The confusion matrix illustrates perfect classification with no misclassifications across the test set. Precision, recall, and F1-scores for both classes (real and fake) achieved the maximum possible value of 1.00, reflecting flawless performance.


## ResNet 50 Setup

For the Resnet 50 model, we used the same dataset as ViT and also used Python 3 for model building and training.

Parameter:

-L2 Regularization: 1e-4

-Learning rate: 1e-5

-Early stopping patience: 3 epochs

-Fine-tuning epochs: Maximum of 7 epochs

Structure:

-Backbone: ResNet-50 with include_top=False

-GlobalAveragePooling2D layer

-Dropout layer with a rate of 0.6

-Dense layer (128 units, ReLU activation)

-Dense output layer (1 unit, sigmoid activation)

## ResNet 50 Results

#### Main Results

We conducted three stages of training using ResNet50, with performance improving at each step:

- **Initial Training (Frozen Base)**  
  - Training Accuracy: 63.9%
  - Validation Accuracy: 64.2%
  - The model began learning basic differences between real and fake faces but was limited by the frozen ResNet50 backbone.
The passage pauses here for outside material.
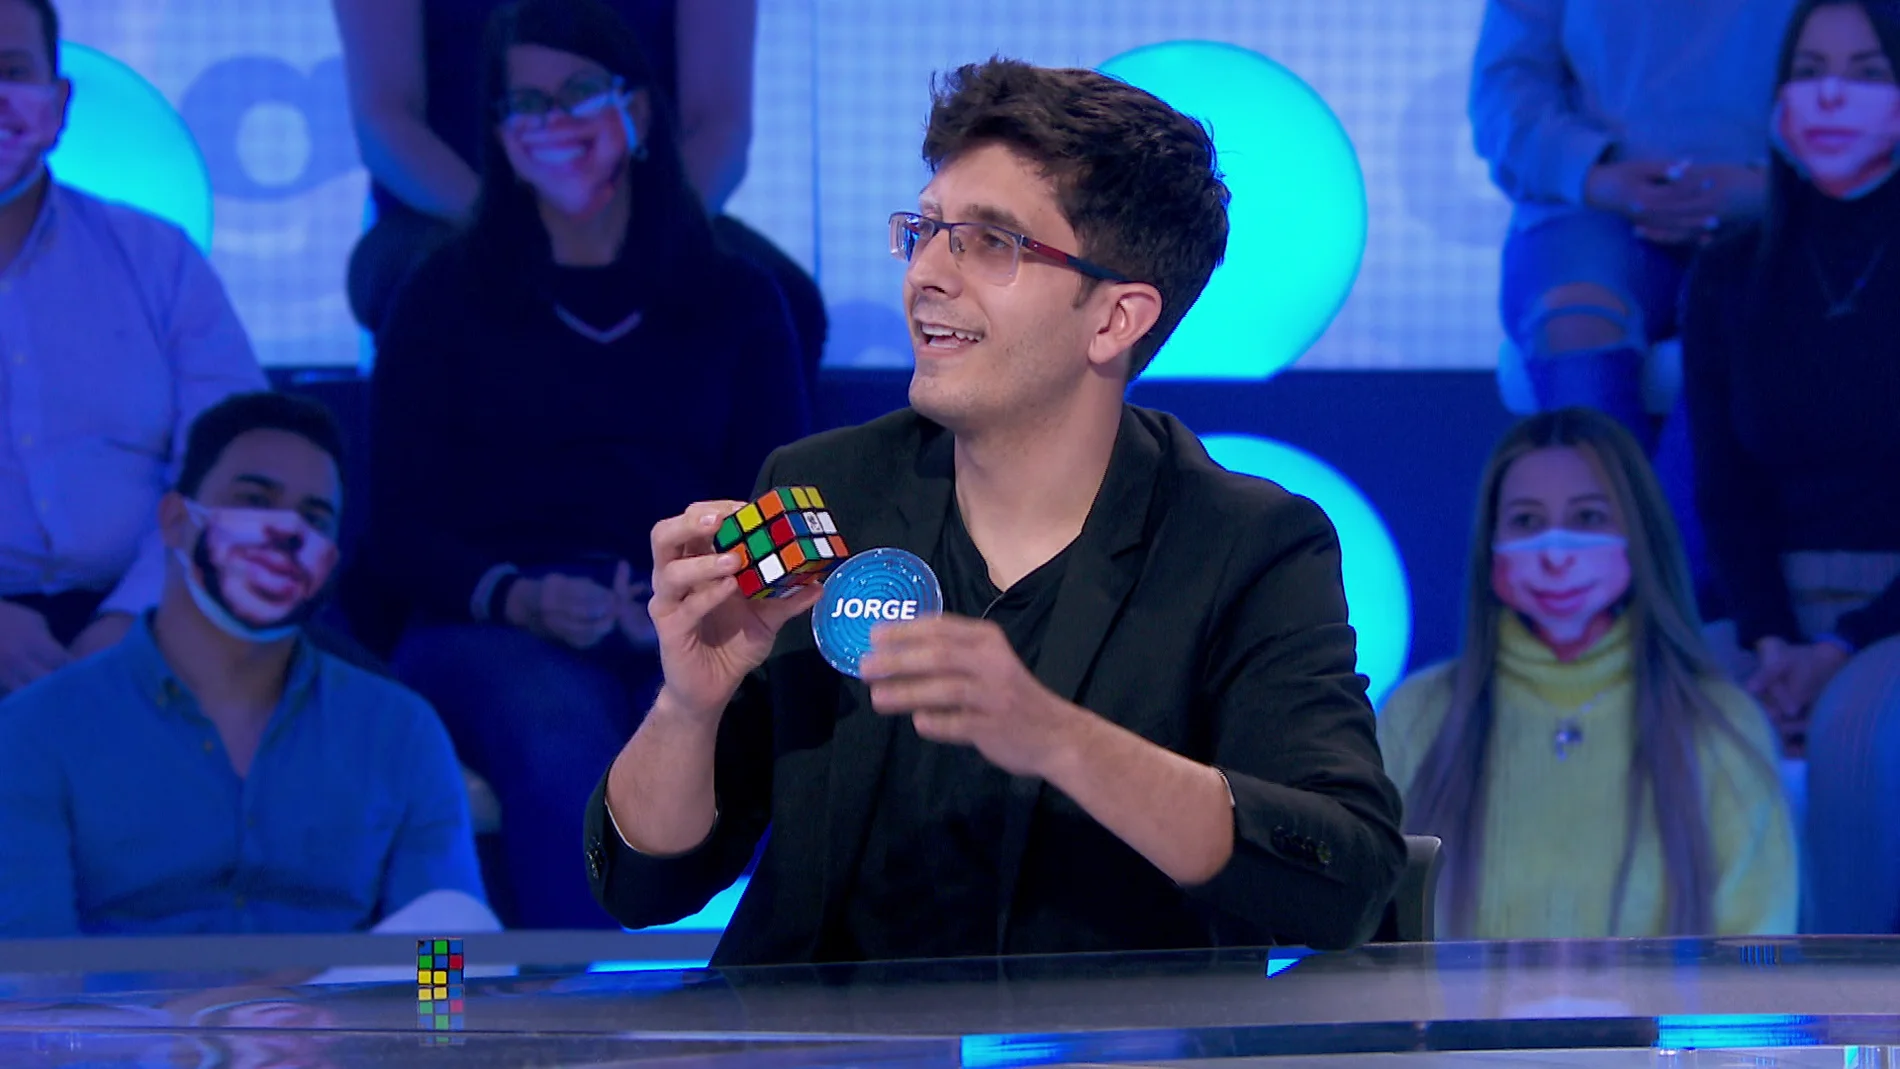 Jorge Luengo deja sin palabras a Roberto Leal con un cubo de Rubik: “Me da mucho coraje”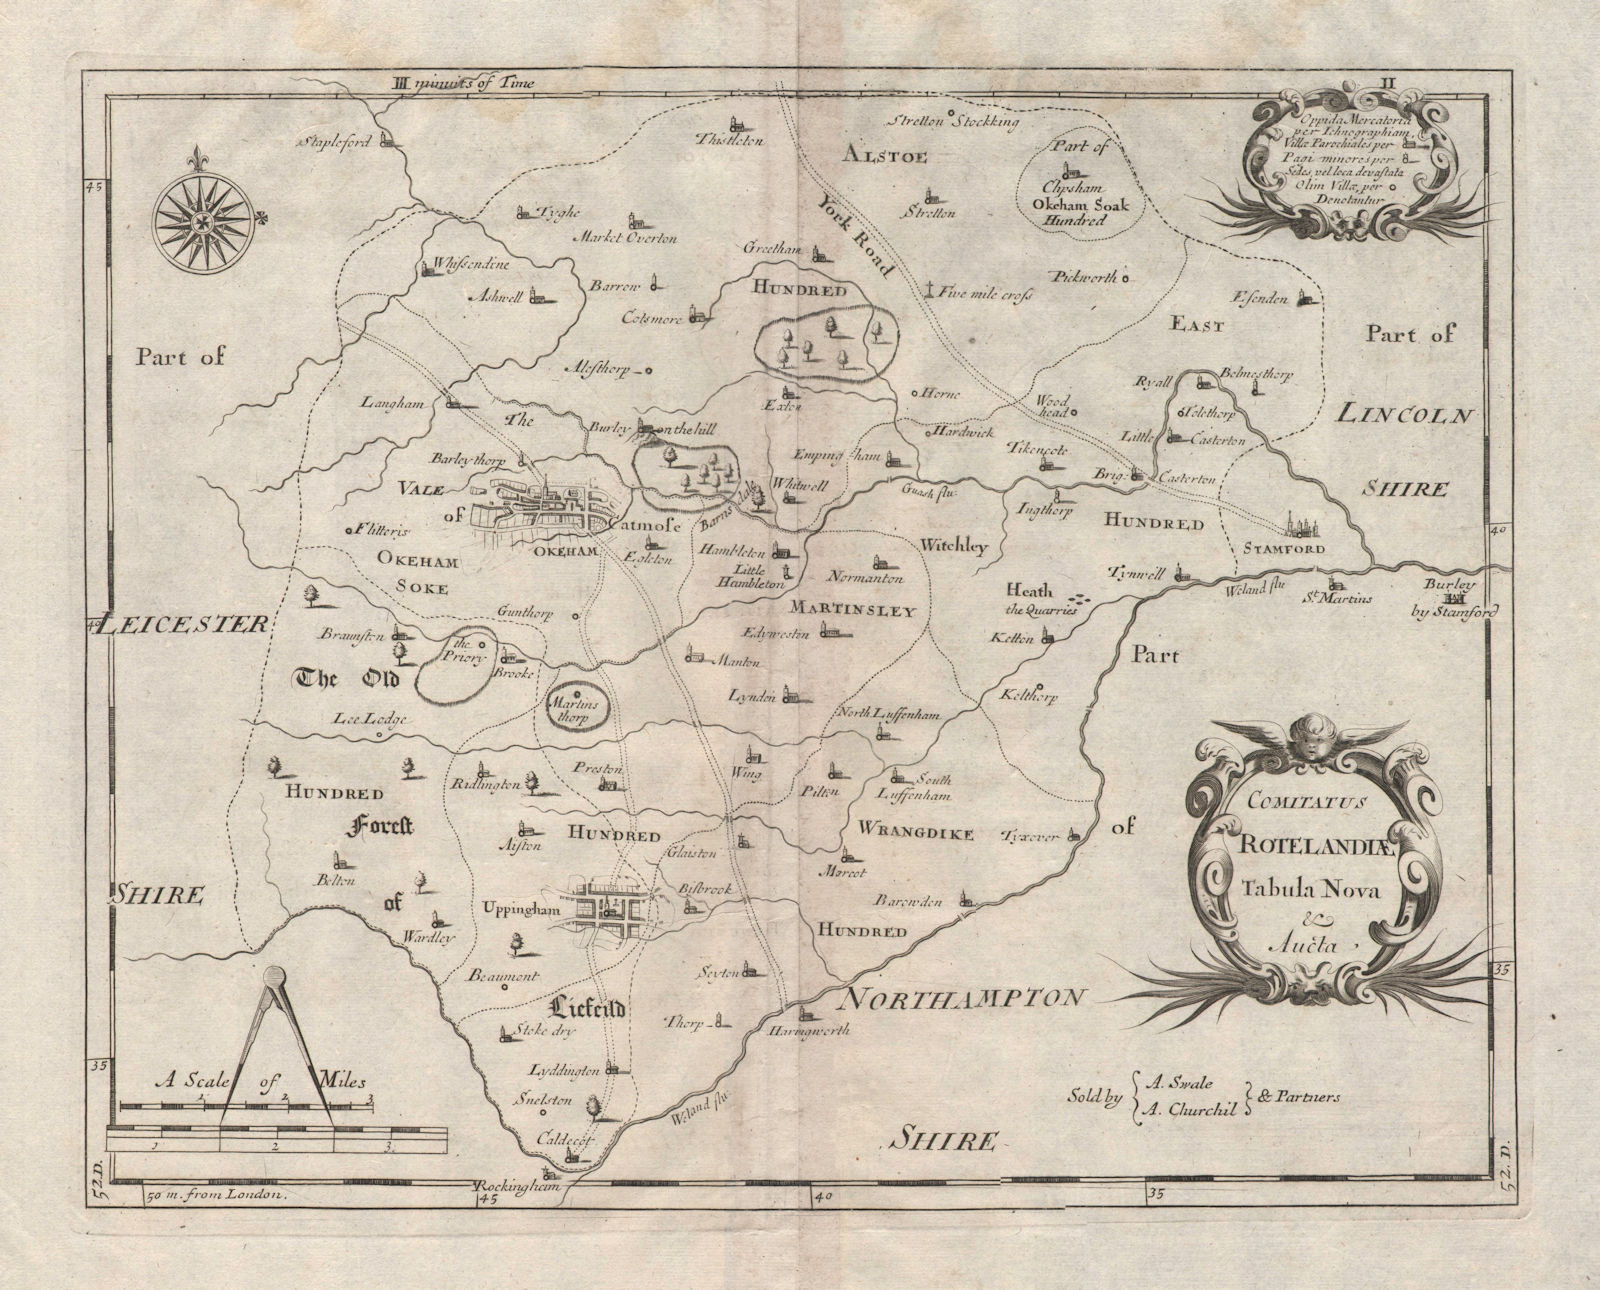 Rutland county map 'COMITATUS ROTELANDIAE' by ROBERT MORDEN. Oakham 1695

- **Full Fine-Tuning (All Layers Unfrozen)**  
  - Training Accuracy: 99.6%
  - Validation Accuracy: 57.1%
  - The model overfit to the training data, showing poor generalization.

- **Final Fine-Tuning (Top 30 Layers Unfrozen + Regularization)**  
  - Training Accuracy: 95.8%  
  - Validation Accuracy: 97.5%
  - Validation Loss: 0.1086
  - Regularized fine-tuning successfully improved generalization and addressed the overfitting problem.

<br>

#### Supplementary Results

**Model Architecture**  
- Base model: `ResNet50(weights='imagenet', include_top=False)`  
- Classification head: `GlobalAveragePooling → Dropout → Dense(128 ReLU) → Sigmoid`

**Training Strategy**  
- **Step 1**: Frozen base, trained classification head only  
  - Optimizer: `Adam`, Learning rate: `1e-4`, Epochs: 7  
- **Step 2**: Unfroze all layers → severe overfitting  
  - Optimizer: `Adam`, Learning rate: `1e-5`, Epochs: 7  
- **Step 3**: Unfroze top 30 layers  
  - Applied `Dropout(0.6)` and `L2 regularization (1e-4)`  
  - Optimizer: `Adam`, Learning rate: `1e-5`  
  - Early stopping with `patience=3`

<br>

#### Summarized Findings and Parameter Choice
In our experiments using ResNet50 to classify real versus AI-generated face images, we tested three training strategies. The most important result came from the final model, where we partially unfroze the top 30 layers of ResNet50, added dropout and L2 regularization, and applied early stopping. This model achieved a training accuracy of 95.8% and a validation accuracy of 97.5%, along with a low validation loss of 0.1086. These outcomes indicate strong generalization and confirm that this balanced approach was highly effective. In contrast, training the model with a frozen base yielded only around 64% accuracy, and full fine-tuning without regularization caused severe overfitting, with training accuracy reaching 99.6% but validation accuracy dropping to 57.1%.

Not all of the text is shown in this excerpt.